Police corruption and complicity in the abuse of women is another significant barrier to the achievement of gender equality. When Usha reports Yadav’s atrocities to the police, they simply inform him of her betrayal of his authority, leaving Usha open to Yadav’s violent retribution. In several other accounts collected in Half the Sky,police turn a blind eye to incidents of rape or gang rape. Moreover, under some circumstances, entire communities accept rape as legitimate. The abduction and rape experienced by Woineshet Zebene, for example, is a traditional and socially acceptable way to acquire a bride in parts of Ethiopia. Woineshet used her voice to demand self-respect by refusing to marry her rapist; she had the courage to upend tradition by refusing to submit to it. She empowered herself as well as other women when, by her committed action, she got the law changed.

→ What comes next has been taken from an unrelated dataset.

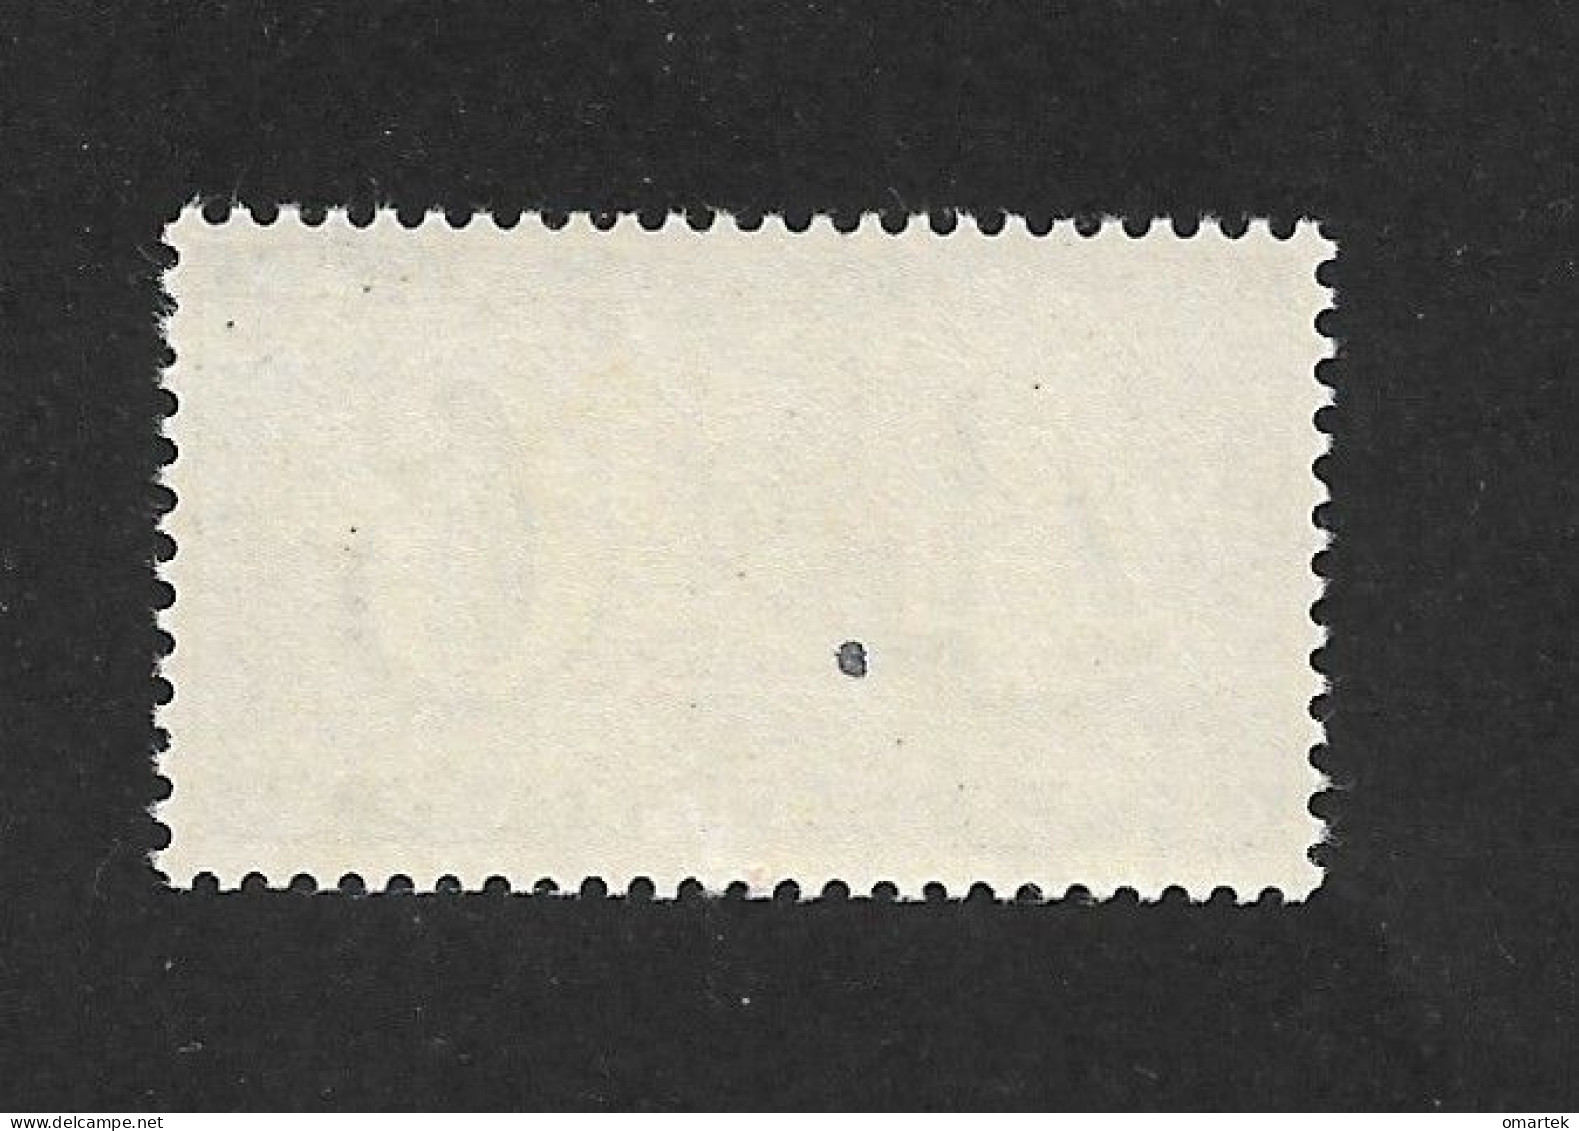 Schweiz Switzerland Helvetia 1943 MNH Mi 416 Sc 287 Zu 258 Yt 384 Stamp Jubilee.. - Nuevos

Women’s complicity in the devaluation of girls exacerbates the problem of gender equality and makes it harder to overcome. When women as well as men devalue girls, they (perhaps unwillingly or unwittingly) promote a vicious cycle. What’s more, in countries that condone “honor killings,” girls are oppressed on a mere suspicion of improper behavior, while the boys involved are considered blameless. This is a pernicious form of gender inequality that is deeply ingrained and difficult to uproot.